Faster Fraud Detection
False-positive actions are checked one by one by analysts and as a result, they are not considered as fraud, causing the late detection of possible real fraud actions and in parallel with this, the lost money cannot be recovered. Machine learning provides great support to analysts in detecting false positives. Machine learning, along with simple filtering mechanisms and algorithms, can create the right alert systems.
Analysing Normal & Abnormal Activities
Machine learning-based abnormality detection algorithms accurately detect abnormal behaviours in different data models and apply filters to these abnormalities, allowing you to only receive alerts on issues that matter to you.

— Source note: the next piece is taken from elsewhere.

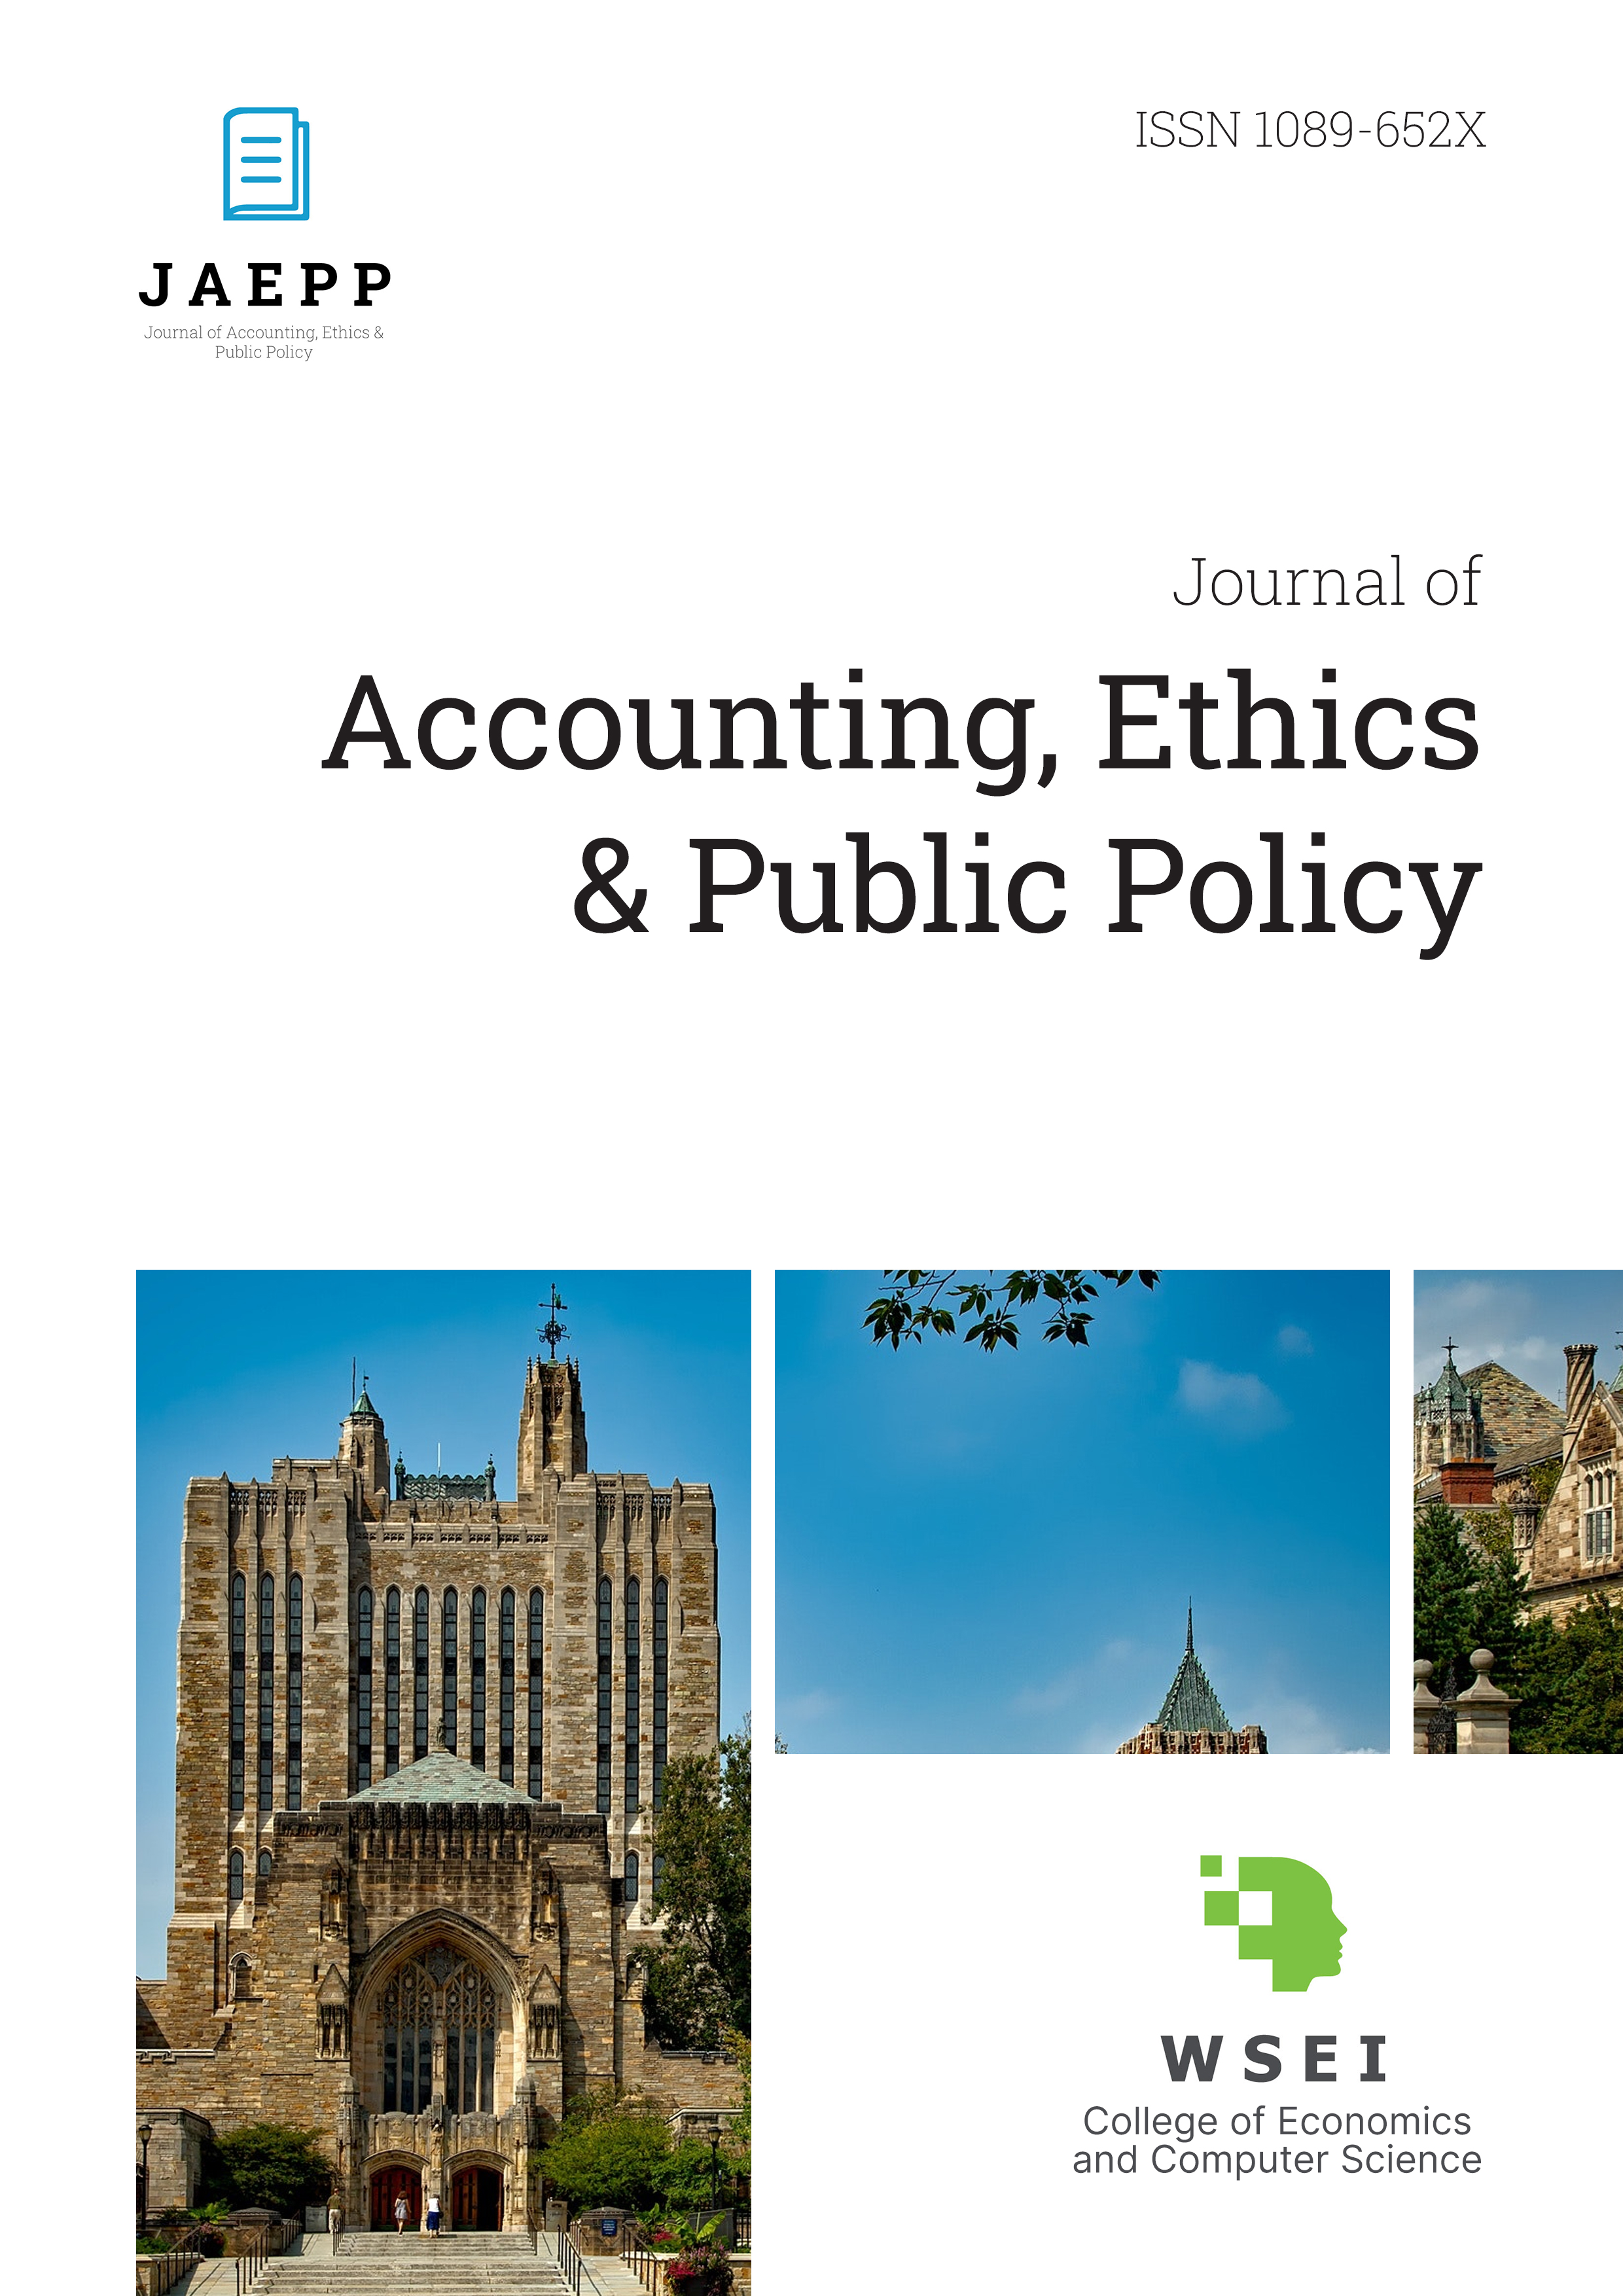 					View Vol. 21 No. 1 (2020): Journal of Accounting, Ethics & Public Policy, JAEPP

One of the key benefits of machine learning is the capacity to process more data than an analyst could ever do, and then use the compiled data to identify patterns that are difficult for a human to define. Fraud detection using machine learning allows analysts to investigate previously undiscovered suspicious activity. The ability to retrain and setting models and automatically adjust parameters is a powerful tool for risk model management.
Machine Learning Insights, Actions, Suggestions for Fraud Detection
Using only rule-based fraud detection software means your rule library should continue to expand as fraud technologies evolve. This makes the system slower and causes a heavy maintenance necessity for fraud analysis teams, and requires an increasing number of manual reviews. But today, fraudsters use sophisticated methods to steal customer data and impersonate real customers, making it even more difficult for rules prepared for typical fraud to detect such behaviour. At this point, the importance of using machine learning technology in fraud detection software is once again revealed. In summary, machine learning can be described as a branch of science that enables learning based on data types. When it is used successfully, machine learning eliminates the heavy data analysis responsibility on fraud detection teams. The results assist the team in research, insight, and reporting. Machine learning cannot replace a team of fraud analysts but gives them a chance to reduce the time spent on manual reviews and data analysis. This means analysts can focus on the most significant and urgent cases and evaluate alerts more accurately, faster, and also reduce the number of real customers rejected.
To Prevent Your Company From Fraud
Machine learning makes the roles of fraud analysts more efficient because they can use their time to do more strategic work. Analysts improve and optimize machine learning fraud detection systems by reviewing and tagging customers and setting rules. The machines are extremely good at doing data analysis and numerical computing. At this point, machines can learn a lot from analysts, process billions of data, and fraud detection using machine learning plays a major role in preventing companies from serious losses.